The initiative aims to launch a cycle of biennial exhibitions, dedicated to some of the protagonists of the history of art, with relevant civil commitment, who have played the role of game changers for the world of art, thanks to their innovative contributions. Emilio Vedova is definitely one of them. His work is indeed interpreter and witness of our society.

Vedova’s topicality lies in the universal contents of his painting or, more simply, in his message. Values rooted in his essential self in dialogue with history, understood as living in the present — being “on the inside of things” — and daily engaging with its conflicts and contradictions.

History regularly punctuated his life, exerting alternately stronger and milder pressures on it, the steady basso continuo of an adventure that seamlessly united man and artist.
History as the breath and lungs of his art, marching in unison with his battles for civil rights, with his pacifism,against the ideological duplicity and the violence of dictatorships,his pressing for change, his defence of Venice, for due care of its ancient monuments, and much besides.
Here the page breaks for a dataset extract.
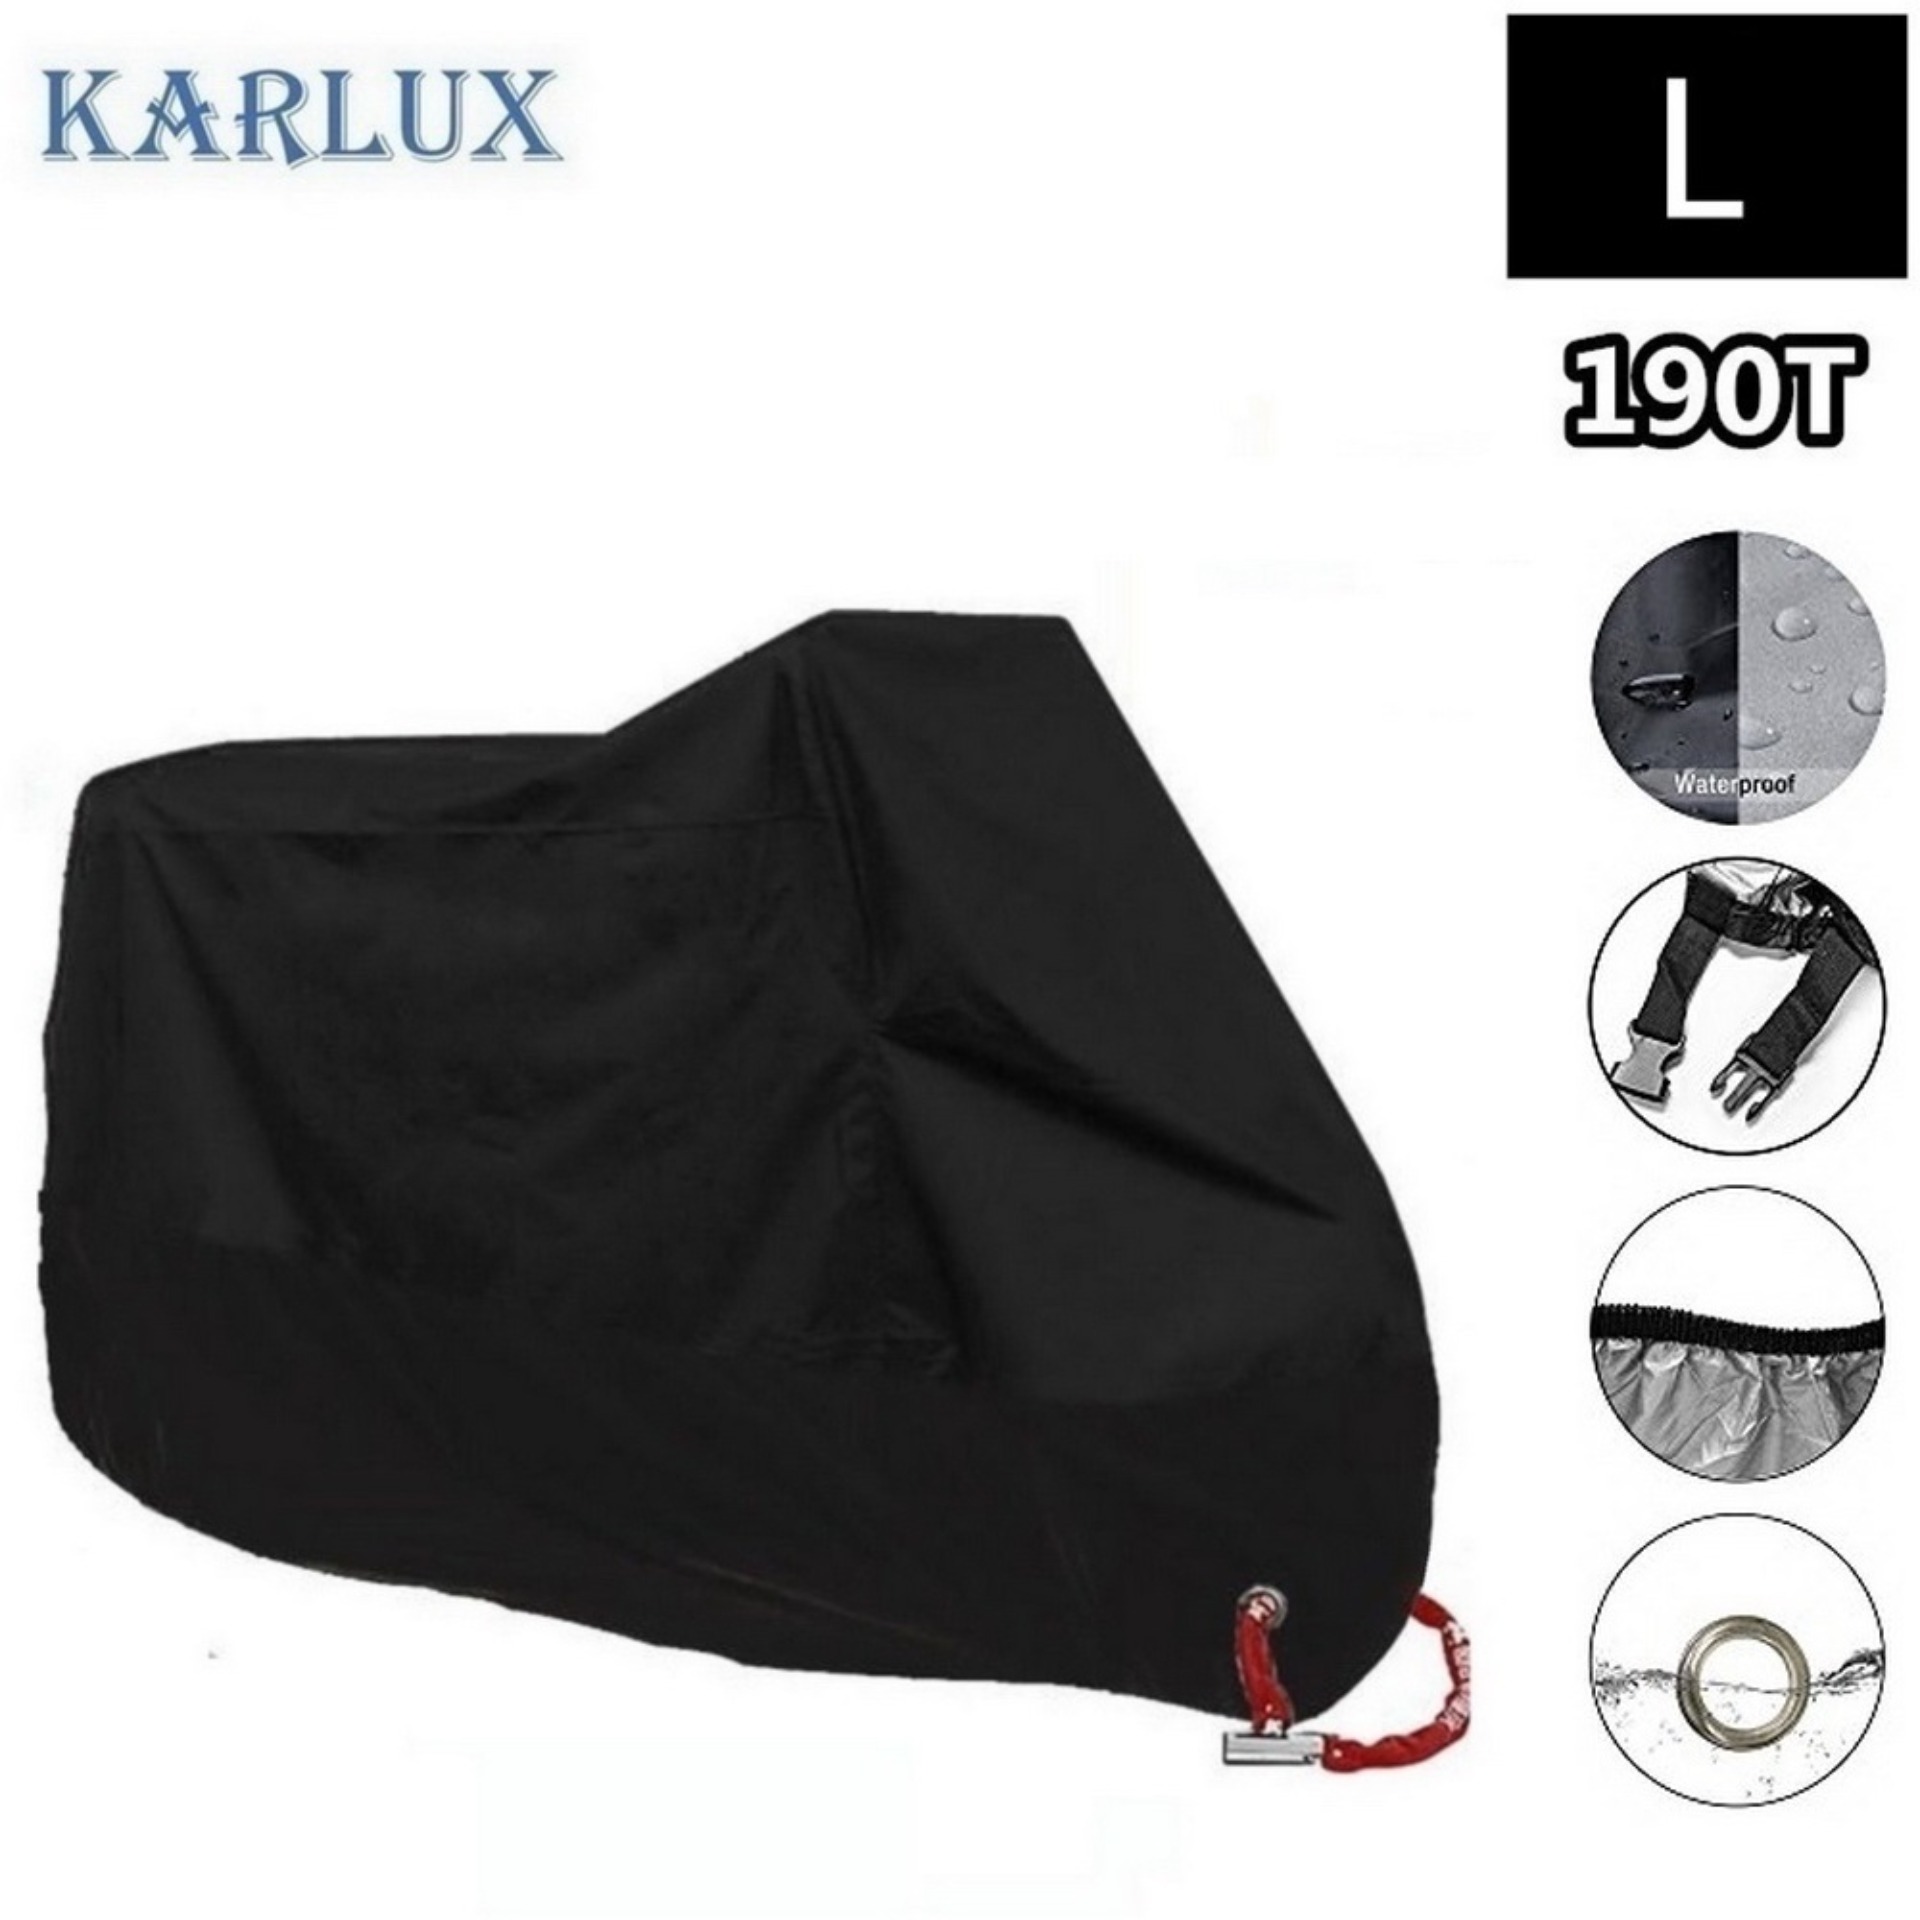 Karlux Large ผ้าคลุมรถมอเตอร์ไซค์ บิ๊กไบค์ จักยาน กันน้ำ กันแดด กันฝุ่น สีดำ Black Motorbike Waterproof Cover Protector Case Cover Rain Protection Breathable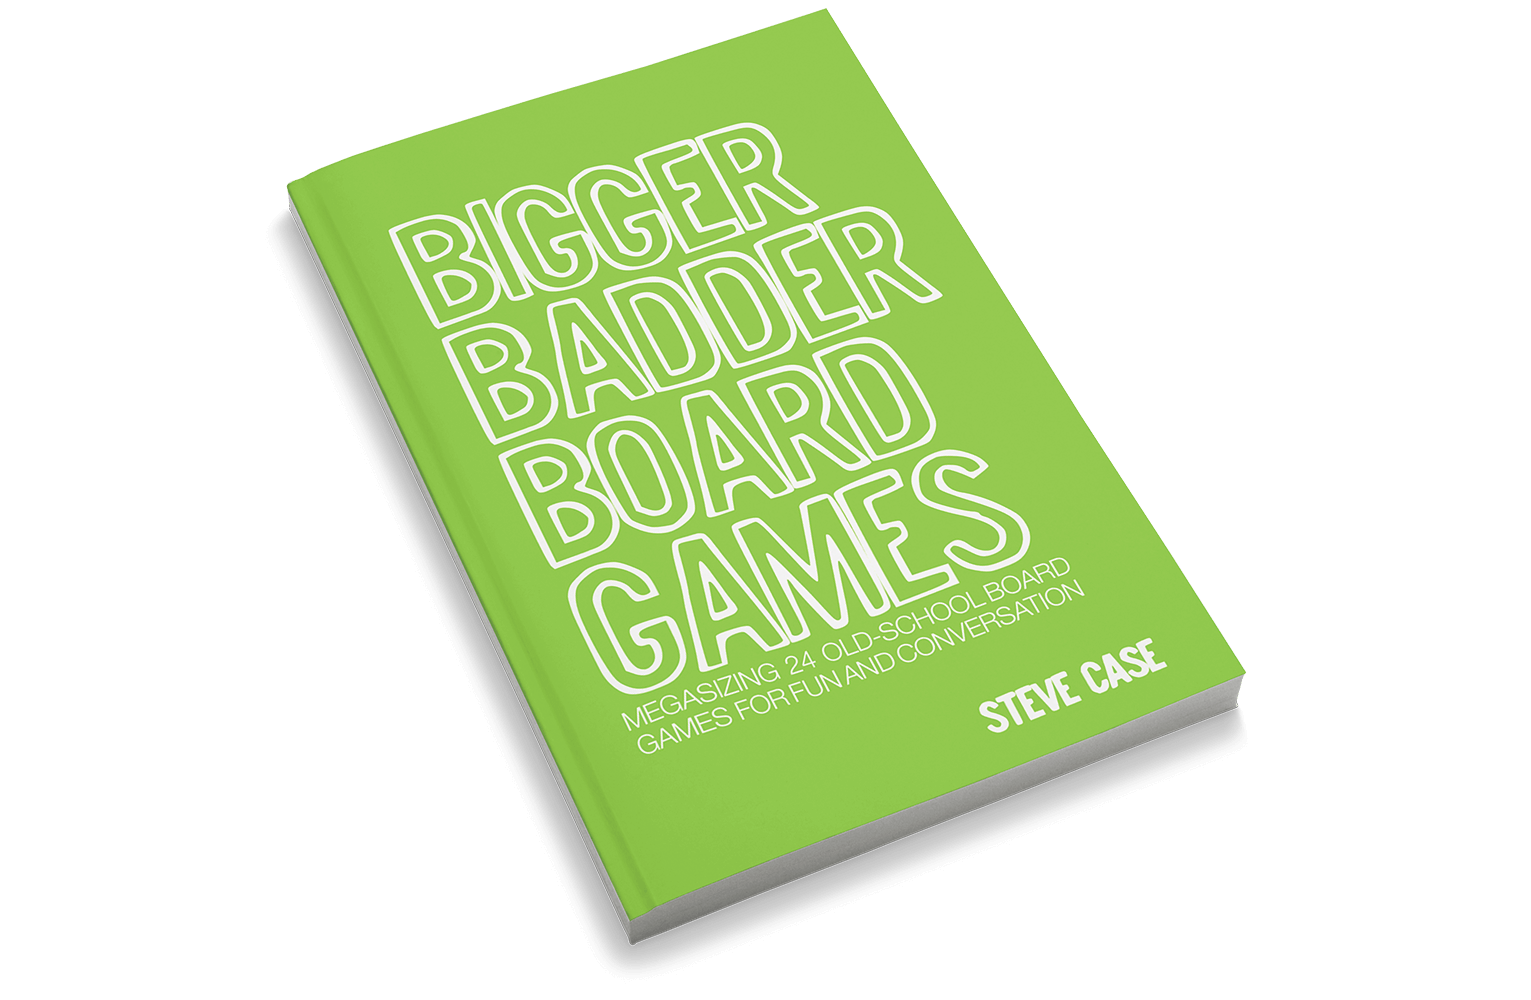 Bigger Badder Board Games: Megasizing 24 Old-School Board Games for Fun and Conversation

Vedova is a contemporary who still inspires us: in his life as in his art, he combined ethics and aesthetics, placing man at the centre of his speculations. In tune with the
infinite constellations of the universe, he revolutionised painting with his highly original approach, was recognised from the 1950s onwards by the greatest international
critics, passionately took his teaching to young people, filling them with new ideas, responsibility and hope. An artist who still poses questions today, alongside the best of our age.”

Gabriella Belli, curator

BIOGRAPHY
Born in Venice in 1919 into a family of workers and artisans, from the 1930s onwards Emilio Vedova began an intense activity as a self-taught artist. In 1942 he joined the anti-Novecento movement known as Corrente.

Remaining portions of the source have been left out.